Now I'm not saying we shouldn't every do something different, but having been in
file systems for a while, I don't think icache is a place where we need to be
special.

> I can however agree that the current magic flags + refcount do make for
> a buggy combination, but that's not an inherent property of using this
> method.
> 
> > The problem with the way we reference inodes is the final iput(). The majority
> > of file systems do their final truncate of a unlinked inode in their
> > ->evict_inode() callback, which happens when the inode is actually being
> > evicted. This can be a long process for large inodes, and thus isn't safe to
> > happen in a variety of contexts. Btrfs, for example, has an entire delayed iput
> > infrastructure to make sure that we do not do the final iput() in a dangerous
> > context.

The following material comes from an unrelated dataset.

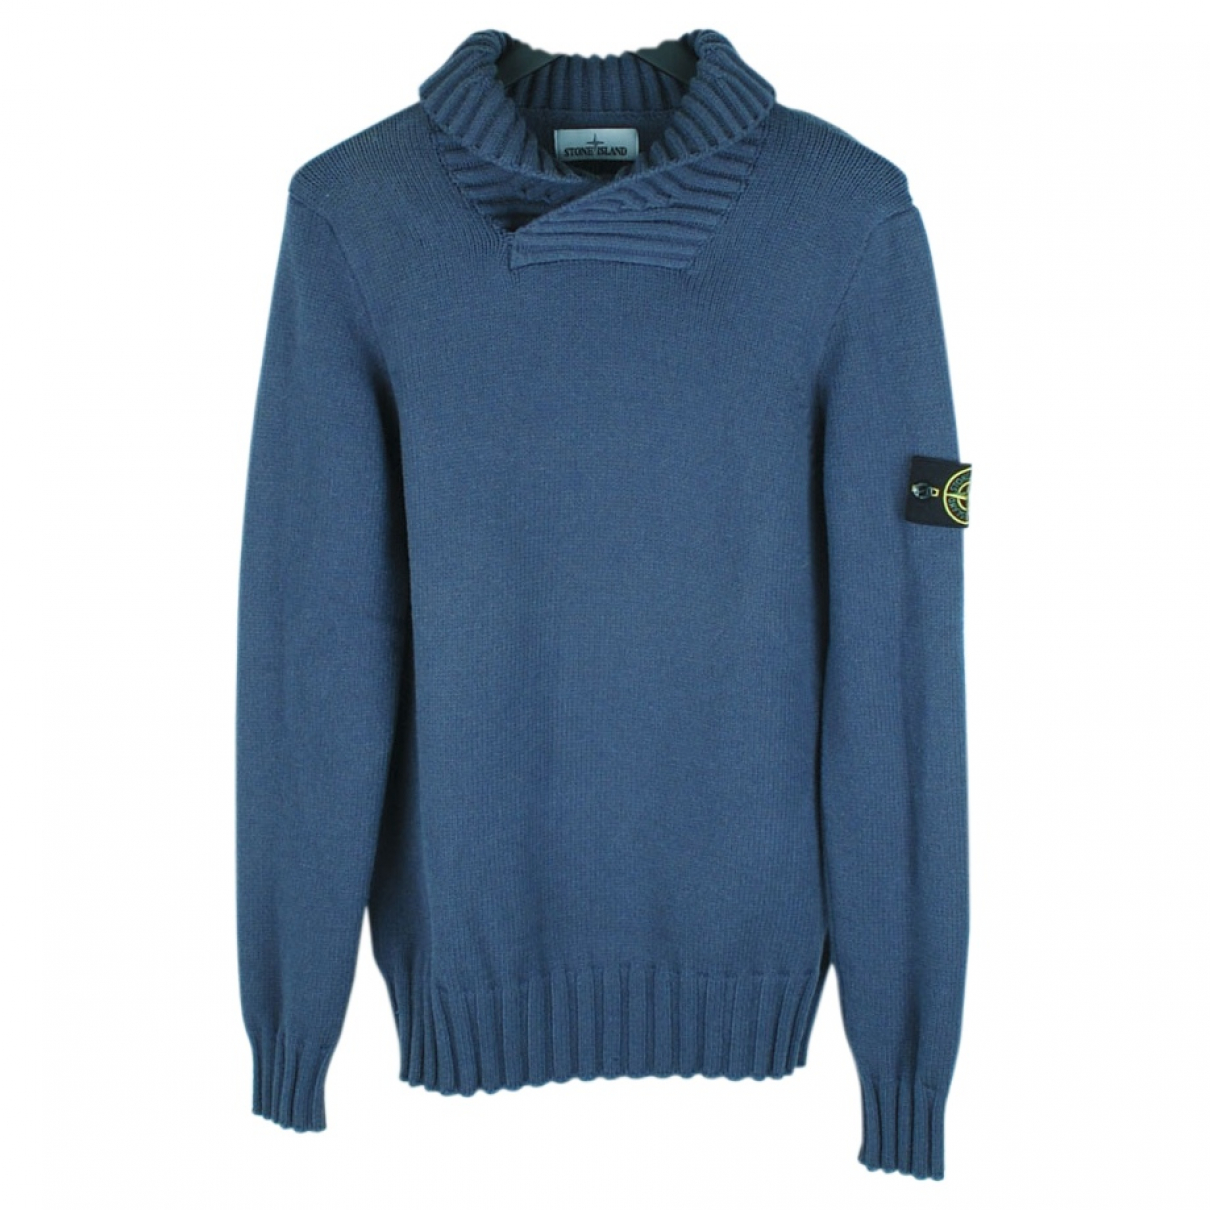 Stone Island \N Blue Wool Knitwear & Sweatshirts for Men XL International

We cannot expand the use of this reference count to all the places the
> > inode is used, because there are cases where we would need to iput() in an IRQ
> > context  (end folio writeback) or other unsafe context, which is not allowed.
> > 
> 
> I don't believe ->i_obj_count is needed to facilitate this.
> 
> Suppose iput() needs to become callable from any context, just like
> fput().
> 
> What it can do is atomically drop the ref it is not the last one or punt
> all of it to task_work/a dedicated task queue.

Agreed. Btrfs does this with the delayed iput. I had actually thought of doing
this originally. I was worried that the overhead of adding this would be
unwanted, so I went for the dual refcount solution instead.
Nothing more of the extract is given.